The common denominator in Gara’s vision is that the same architecture will cover HPC, AI, and Data Analytics through configuration, which means there needs to be a consistent software story across these different hardware backends to address HPC plus AI workloads.

A current, very real instantiation of Gara’s vision is happening now through the use of Intel  nGraphT library in popular machine learning packages such as TensorFlow. Essentially, Intel nGraph library is being used as an intermediate language (in a manner analogous to LLVM) that can deliver optimized performance across a variety of hardware platforms from CPUs to FPGAs, dedicated neural network processors, and more.

Jason Knight (CTO office, Intel Artificial Intelligence Products Group) writes, “We see the Intel nGraph library  as the beginning of an ecosystem of optimization passes, hardware backends and frontend connectors to popular deep learning frameworks.”

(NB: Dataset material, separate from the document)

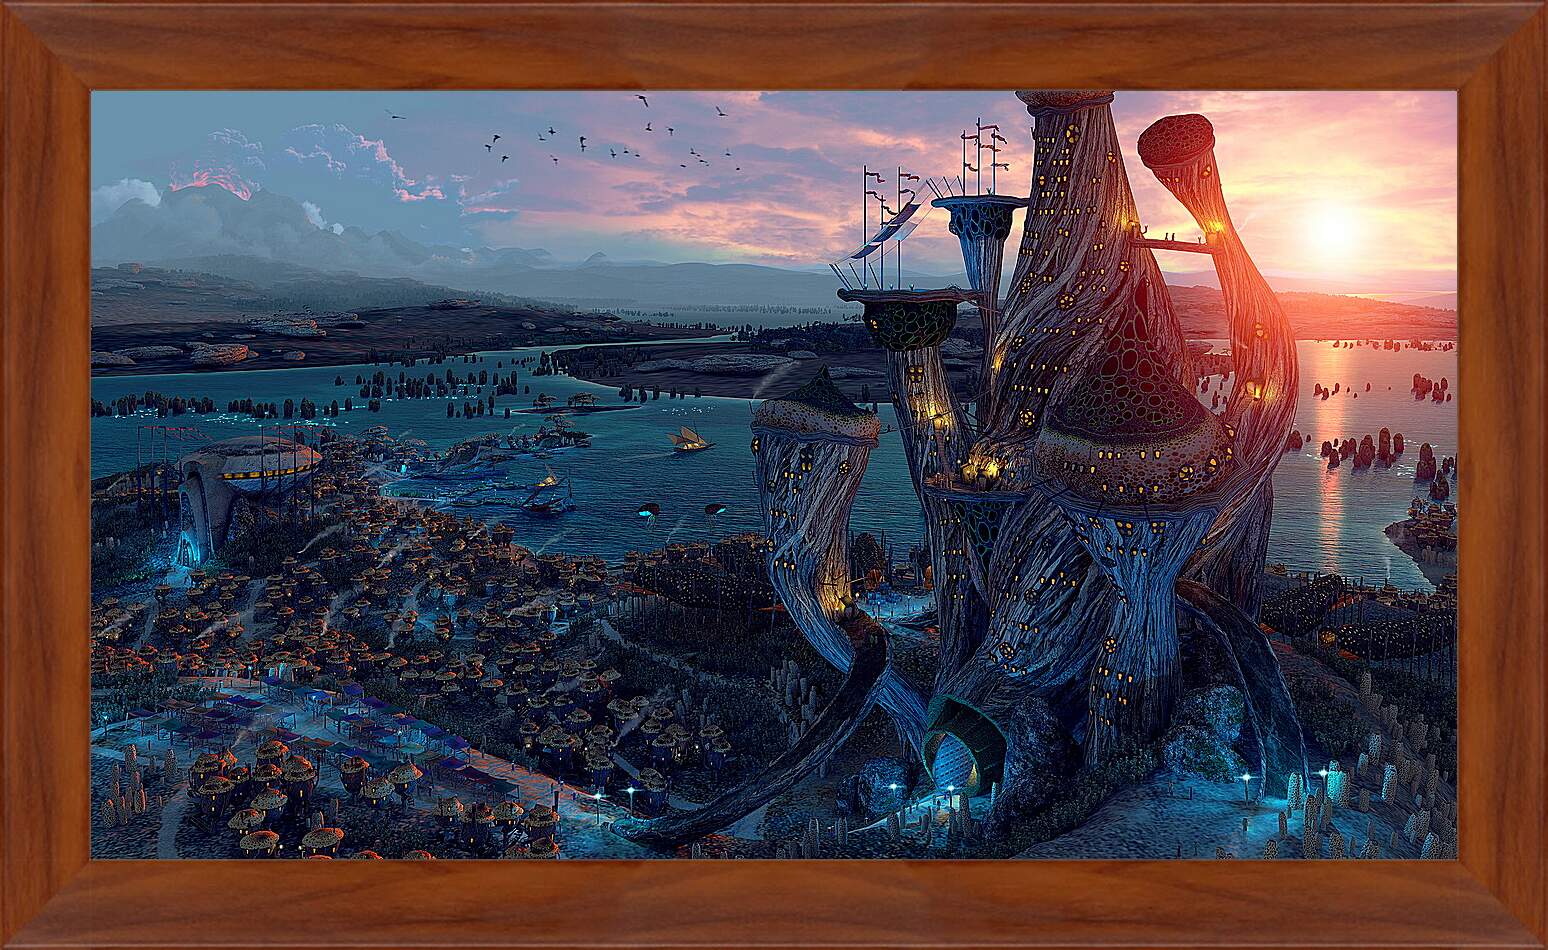 Картина в раме - The Elder Scrolls III: Morrowind

Figure 4: XLA support for TensorFlow

Overall, Gara noted that “HPC is truly the birthplace of many architectures … and the testing ground” as HPC programmers, researchers, and domain scientists explore the architectural space map the performance landscape:

  • Data level parallel (from fine grain to coarse grain)
  • Energy efficient accelerators (compute density and energy efficiency often are correlated)
  • Exploiting predictable execution at all levels (cache to coarse grain)
  • Integrated fixed function data flow accelerators
  • General purpose data flow accelerators

Technology Opportunities

HPC and AI scientists will have access and the ability to exploit the performance capabilities of a number of new network, storage, and computing architectures.

In particular, HPC is a big driver of optical technology as fabrics represent one of the most challenging and costly elements of a supercomputer. For this reason, Gara believes that silicon photonics is game changing as the ability to integrate silicon and optical devices will deliver significant economic and performance advantages including room to grow (in a technology sense) as we transition to linear and ring devices and optical devices that communicate using multiple wavelengths of light.

New non-volatile storage technologies such as Intel persistent memory are blurring the line between memory and storage. Gara describes a new storage stack for exascale supercomputers, but of course this stack can be implemented on general compute clusters as well.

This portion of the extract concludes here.